Годы проходят, так давно и так недавно я склонялся над селедкой Корнелиуса Йоунссона, так давно и так недавно сидел возле плиты в самой красивой кухне Исландии и разглагольствовал надтреснутым голосом, нагоняя на вас скуку моей любовью к Францу. Теперь пальцы у меня гнутся плохо, на скрипке не поиграешь, но слушать я стараюсь везде, даже в самых неожиданных местах, в том числе и здесь, в Южном полушарии, куда забросила меня жизнь. Поэтому я вечно брожу повсюду, будто шпион или частный сыщик из какого-нибудь американского фильма, и расспрашиваю людей, не знают ли они, где тут исполняют камерную музыку, особенно струнные квартеты. Не очень-то легкая задача, ибо здесь в чести крупная, величавая форма: опера, оперетта, мюзикл. Есть пианисты-виртуозы, героические теноры, примадонны всех оттенков. Почему я-то чураюсь величавого?
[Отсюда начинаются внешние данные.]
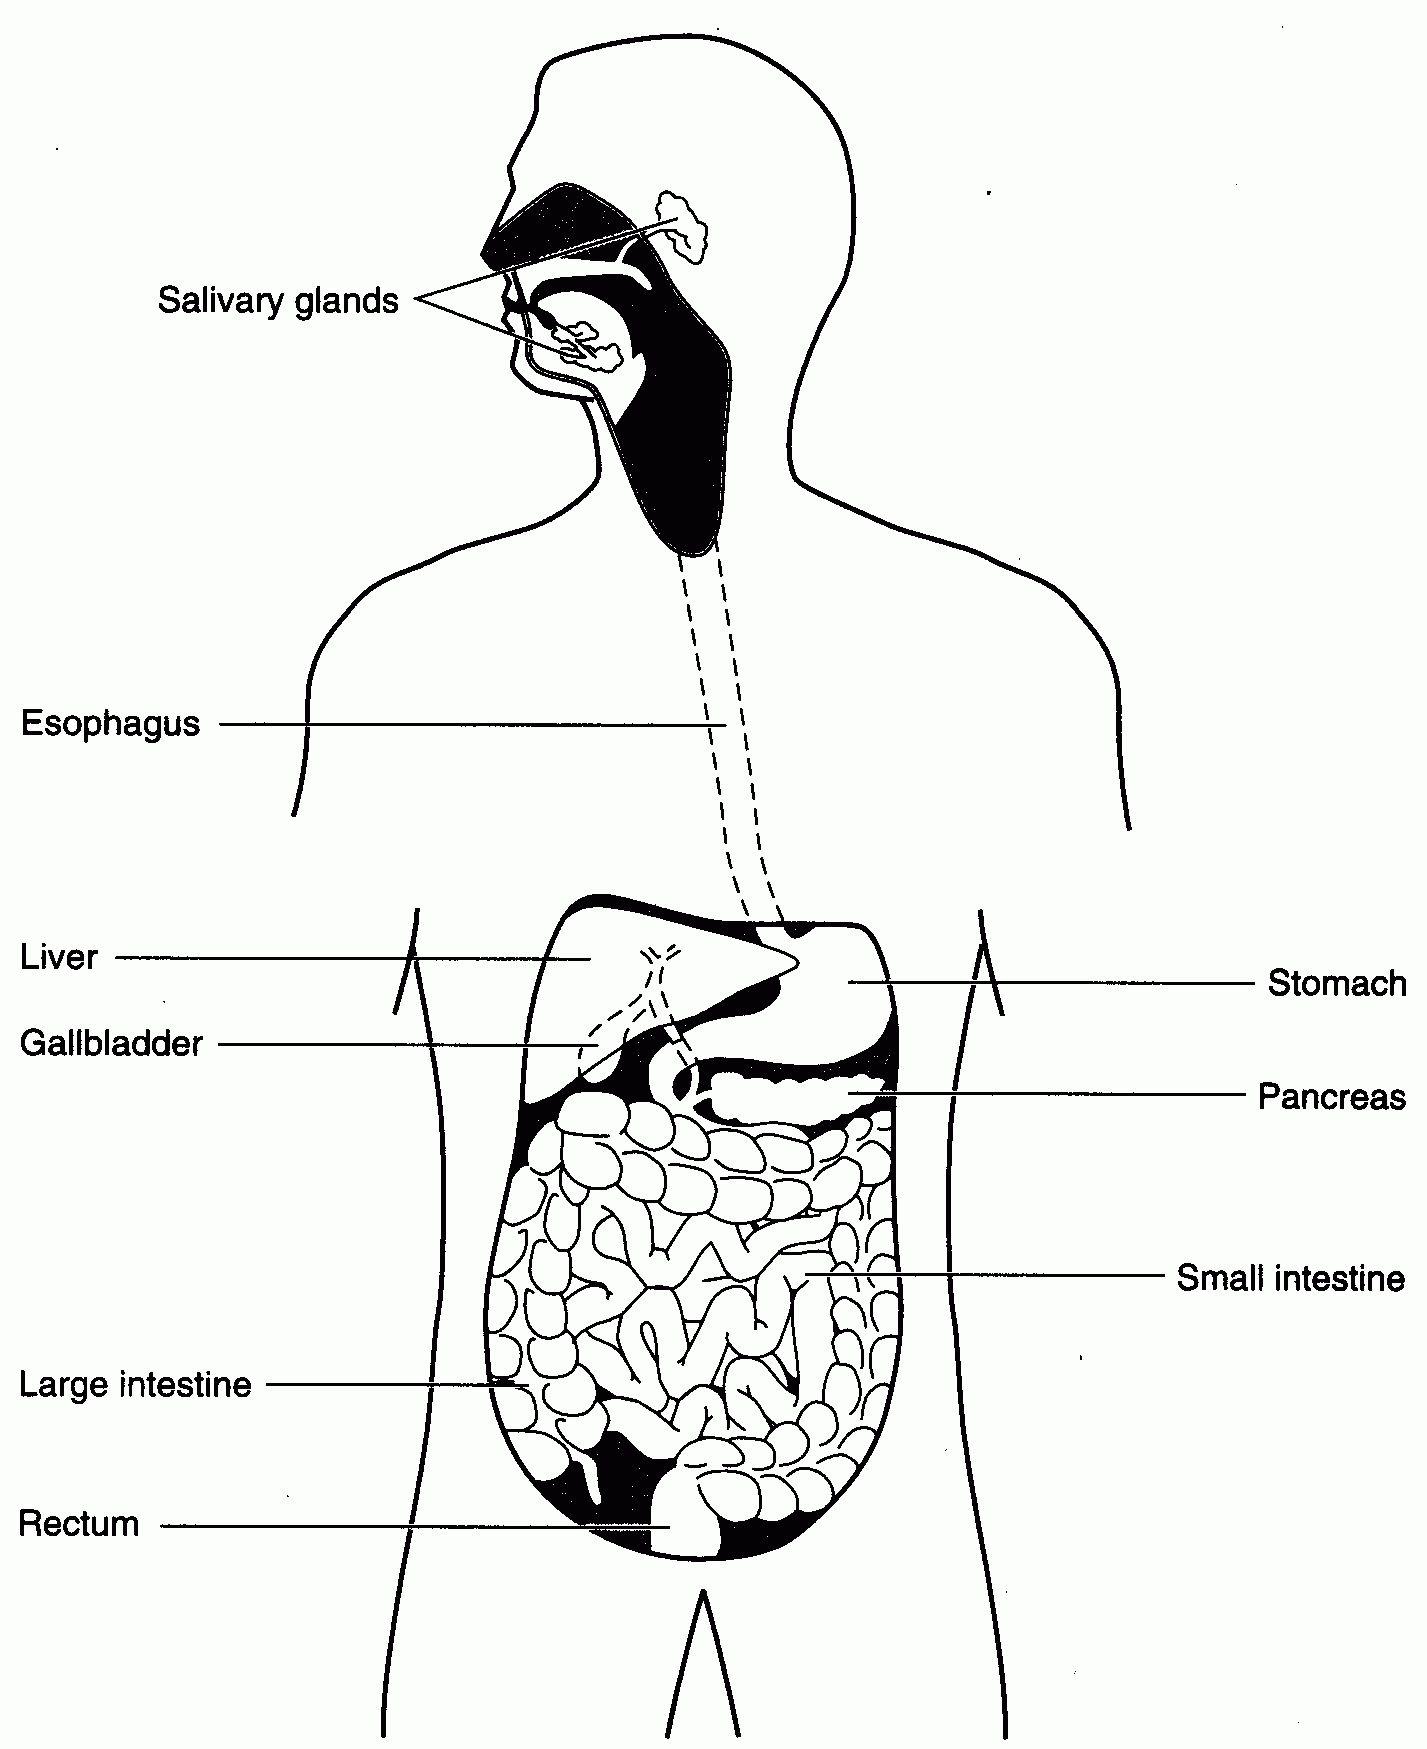 The Human Digestive System Worksheet Answer Key - worksheet
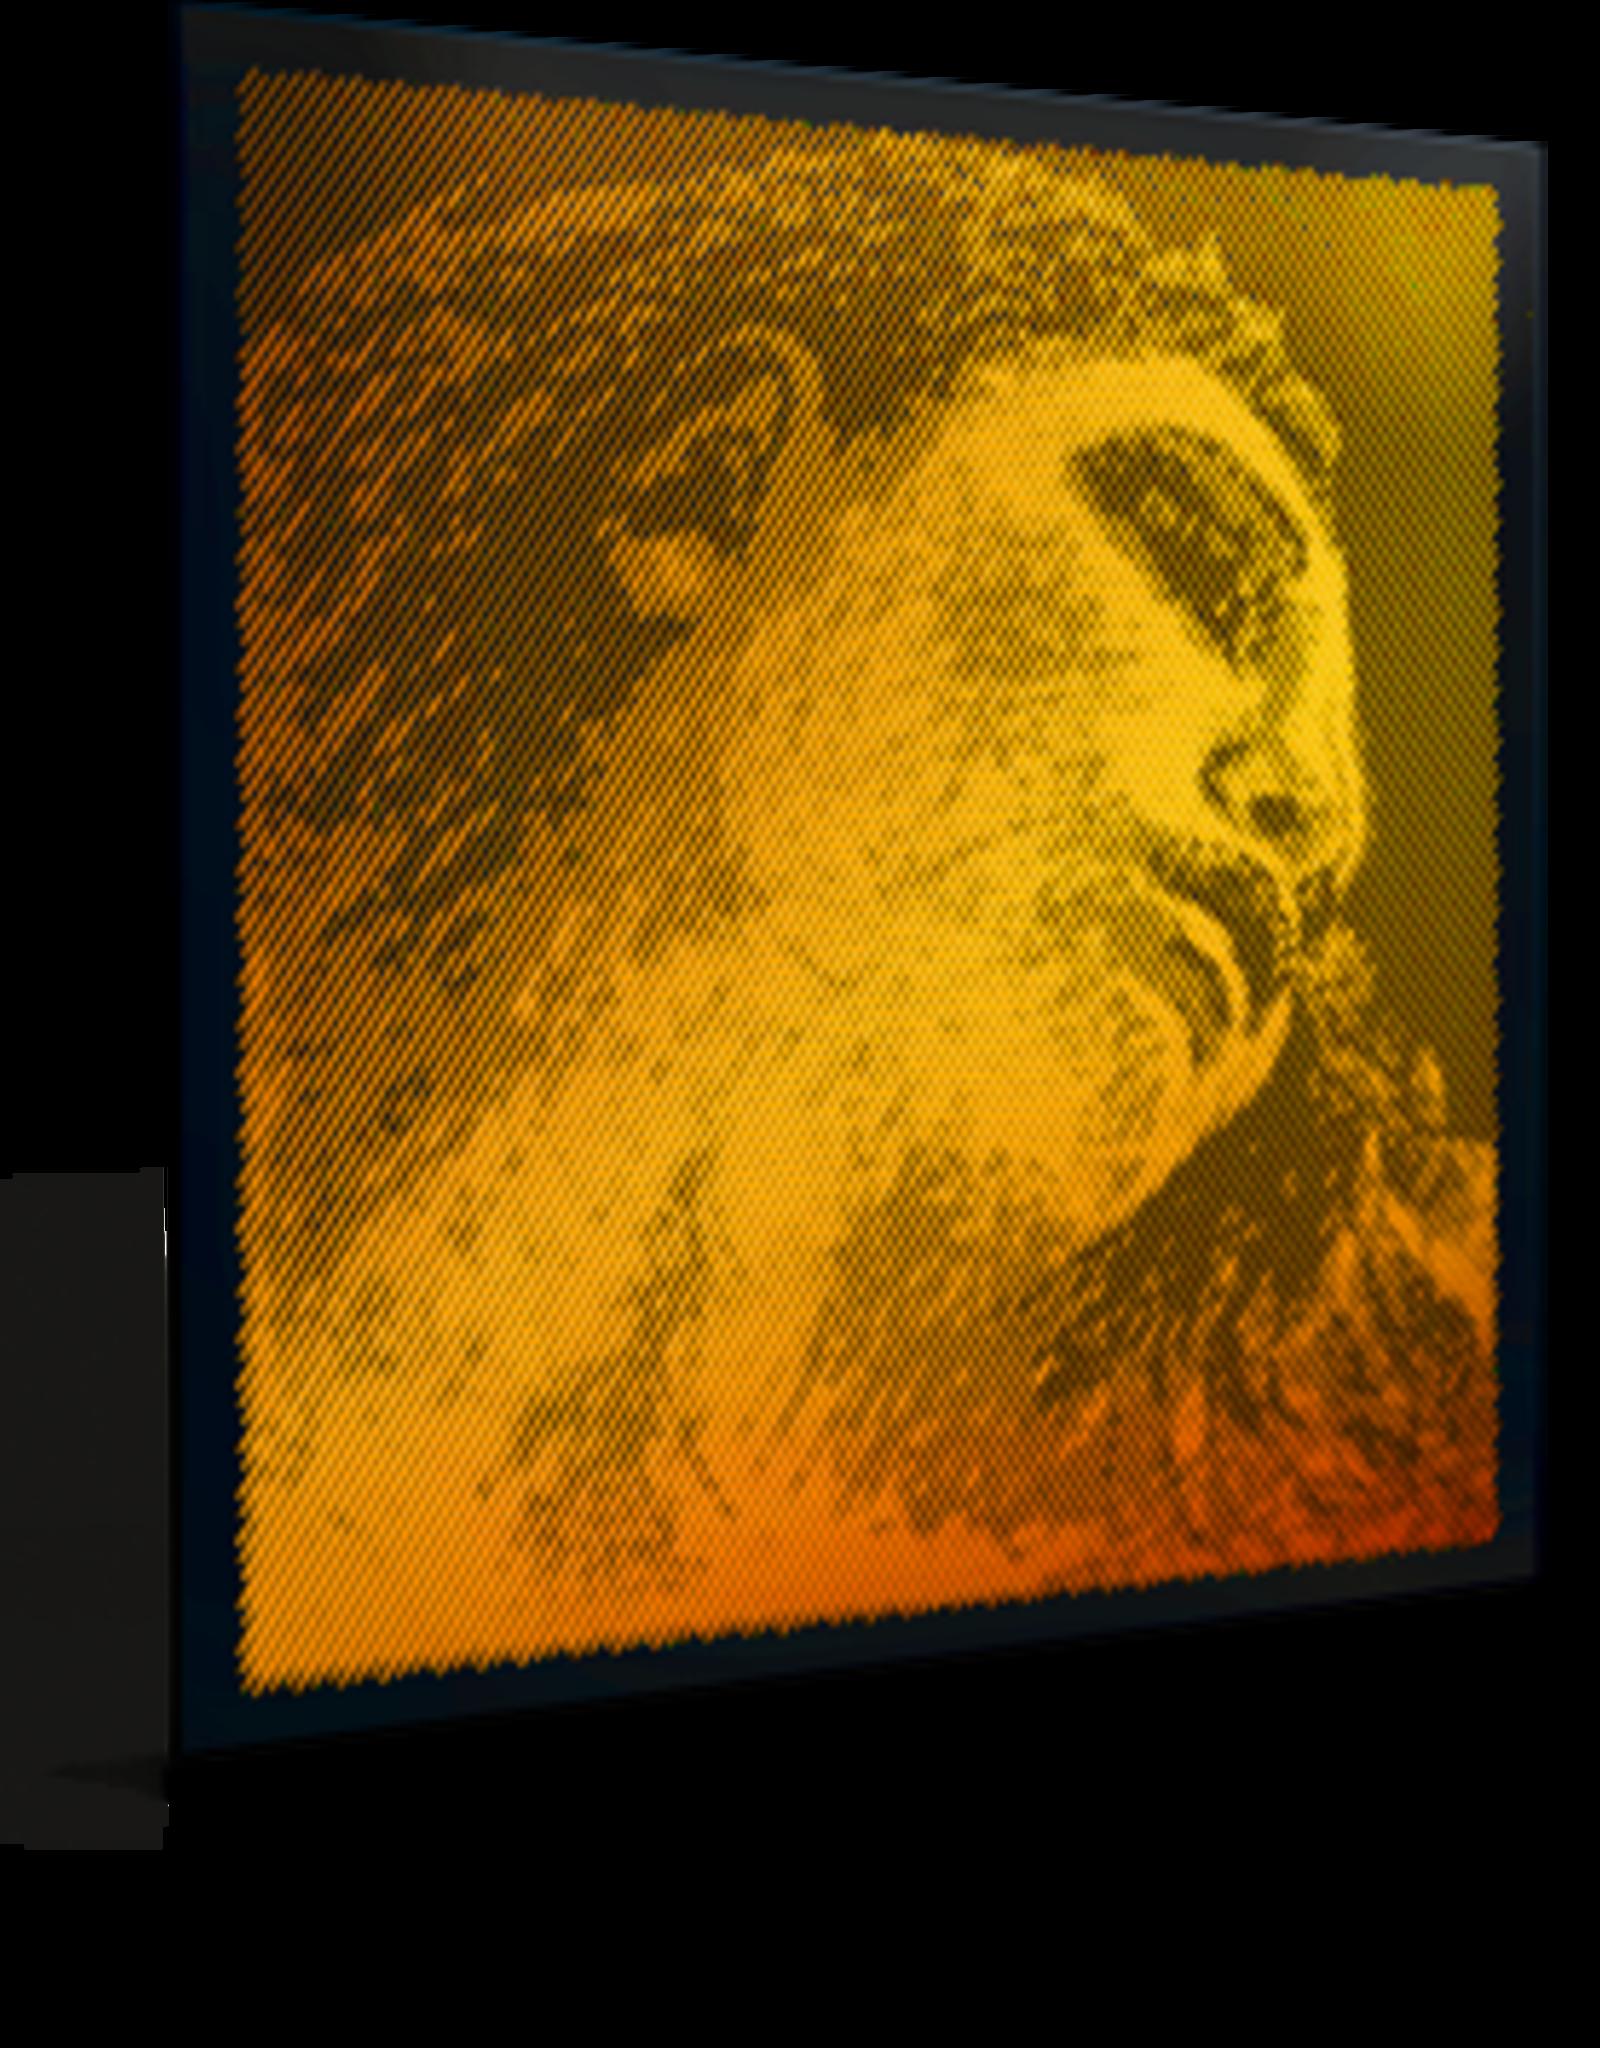 PIRASTRO Evah Pirazzi Gold vioolsnaren set, 4/4

Солисты? Мы и в собственной жизни вряд ли солируем, мы — подмостки для многоголосой беседы, где все — возможно, к сожалению, — равноправны. Не Кант ли назвал музыку «целеустремленностью без цели»? Как бы то ни было, на днях темные улицы привели меня в мрачный подвальчик, и там сидели — — мы (я нарочно поставил целых три тире, чтобы выразить мое изумление. Нет-нет, не изумление, язык порой ставит ловушки; нам хочется и необходимо что-то выразить, а рядышком, за углом, прячется Фраза, готовая выступить вперед и расстрелять неприкрашенные слова). Стало быть, не изумление, а… убежденность? Это ближе к возможной истине? Существуют ли вообще слова для того, что мы чувствуем и думаем, может быть, язык и впрямь гигантская ловушка, куда мы раз за разом попадаем и, только пожертвовав агнцем, частицей себя, все-таки из нее выбираемся?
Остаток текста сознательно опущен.